Лица рабочих светились лукавою радостью, и только закоперщик с

бесстрастным лицом, все тем же замогильным глухим голосом выводил:

Инженера мы уважим,

По губам - помажем.

И восторженно подхватила артель дубинушку, заметив, как залилось

краской до корней волос лицо смущенно-растерянно улыбавшегося Карташева.

К обеду возвратились в Заим и Карташев и Сикорский. Карташев сделал

Сикорскому обстоятельный доклад.

- Только одно неправильно - никогда вперед обреза не давайте. На этом и

строятся все мошенничества. Поезжайте после обеда опять и уничтожьте обрез.

Когда кончат забивку, пусть и позовут тогда. А что касается того, чтобы

вести журнал забивки свай, то сегодня приедет десятник еще.

 

XVI

Работы наладились, и все пошло изо дня в день.

Карташев ездил в дальнюю сторону дистанции, Сикорский взял на себя

более короткую, так как на нем, кроме технической стороны дела, лежали и

распорядительная и административная части. Постоянно приезжали из города,

привозили материалы, запрашивали срочно по телеграфу, и ему необходимо было,

как он говорил, быть всегда на ружейный выстрел от конторы.

Все делалось с какой-то сказочной быстротой, и быстрота эта все

возрастала; установились и ночные работы.

В каждом месте линия кишела рабочими: забивали сваи, сыпали насыпи,

копали выемки, тянулись обозы с вывозимою землею, лились песни, крики,

громкий говор. Узкая полоса земли на протяжении двухсот восьмидесяти верст

жила полной жизнью безостановочно все двадцать четыре часа в сутки.

Ночью эта лента была сплошь огненная от костров. Уже провели телеграф,

и в Заиме сидела телеграфистка.

Смены ей не было; и ночью и днем она должна была принимать телеграммы.

Еще молодая, с терпеливыми, все выносящими глазами, сидела она в минуты

отдыха на завалинке своей избы, курила и смотрела равнодушно вдаль, туда,

где кипела работа.

Карташев жил в избе рядом. В четыре часа он уже выезжал на линию.

В тележке лежали инструменты и холодный завтрак.

Уезжал он на весь день и возвращался домой часам к десяти.

Иногда надо было зайти еще в контору к Сикорскому. Иногда и ночью

необходимо было ехать вторично на линию. Суток не хватало. В каждом месте, в

каждой точке уже ждали, нетерпеливо ждали Карташева с разбивкой, с отметкой,

с вопросами, без решения которых дело останавливалось. Получалось такое

впечатление, что все везде стоит и виновник этому только он, Карташев.

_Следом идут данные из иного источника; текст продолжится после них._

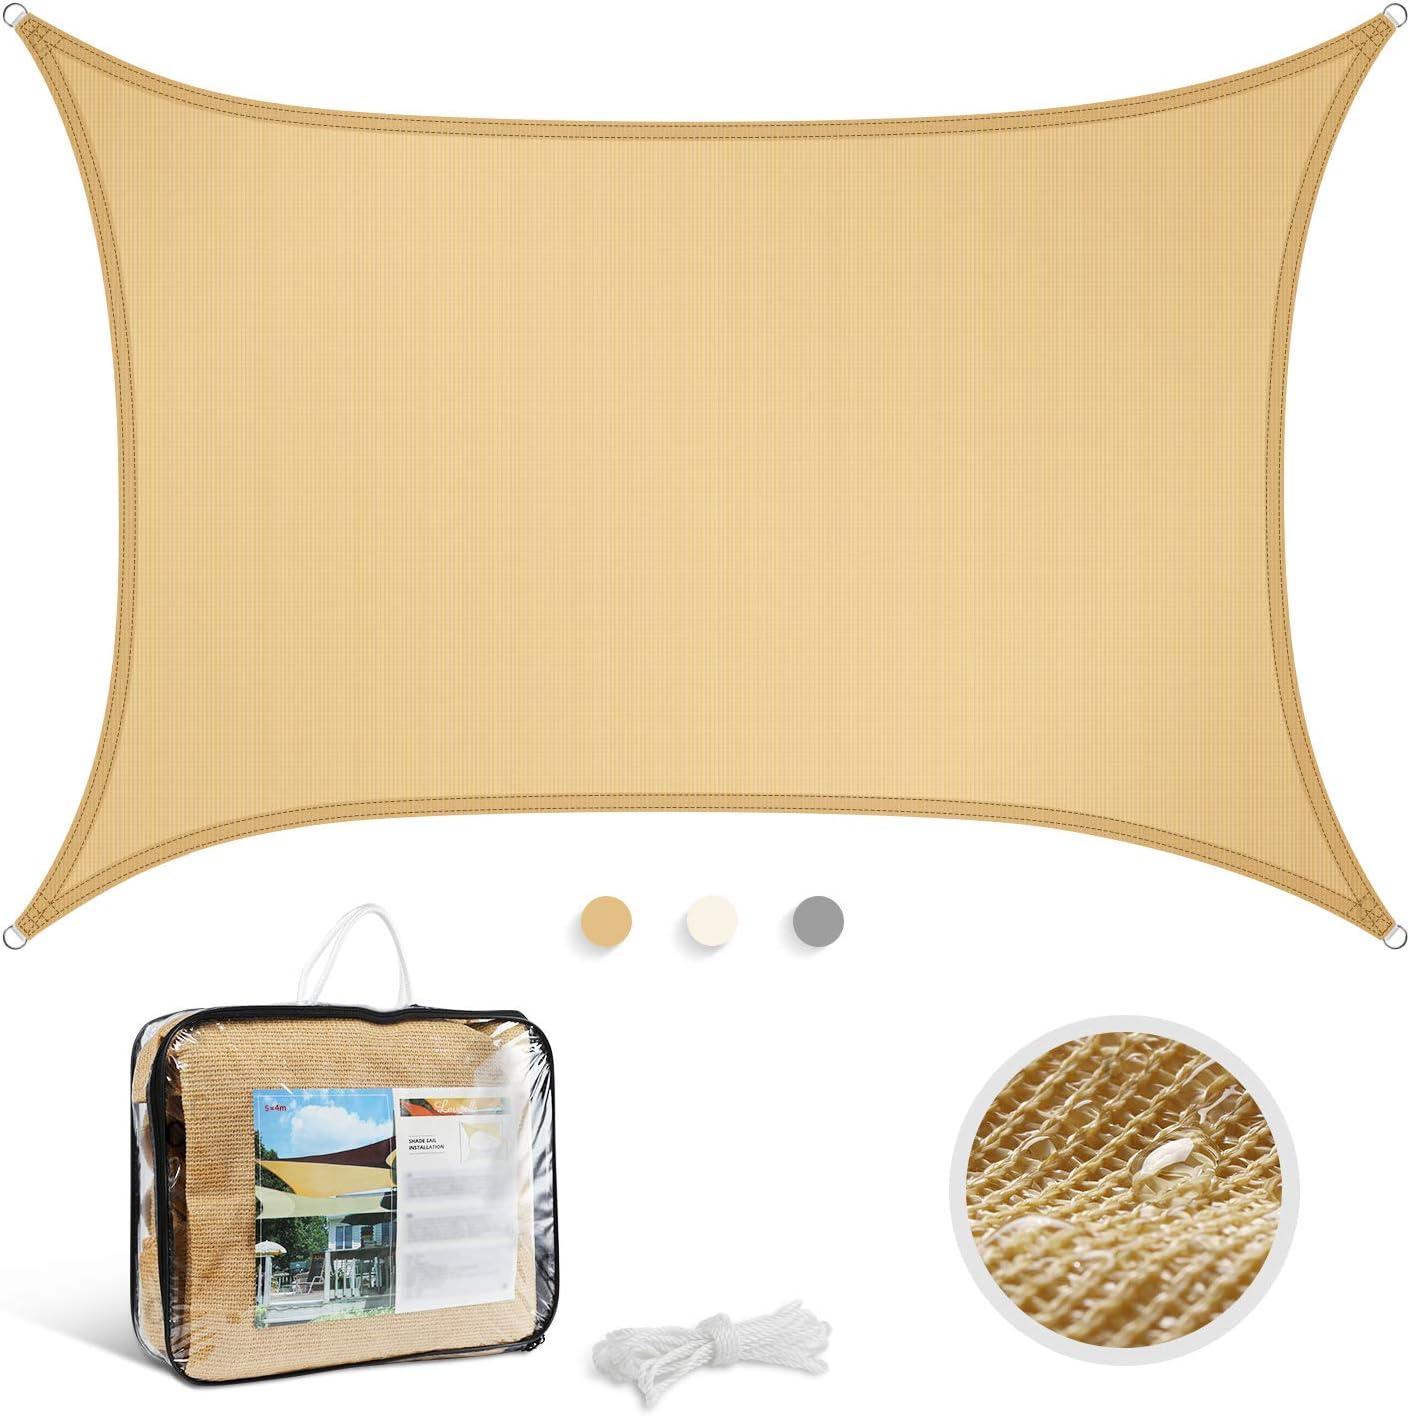 Levesolls Toldo Vela de Sombra Rectangular 4 x 3 m Protección Rayos UV Impermeable Resistente para Patio, Exteriores, Jardín, Color Arena

Это тяготило, мучило, угнетало, и Карташев почти не выходил из

подавленного и в то же время напряженного, крайне неприятного состояния от

сознания, что никогда ему не поспеть везде вовремя.

Его лошадь начала портиться.

Вначале она ходила рысью, но чем дальше, тем больше теряла бедная Машка

силы.

Давно исчезла округленность ее форм, блеск ее шерсти.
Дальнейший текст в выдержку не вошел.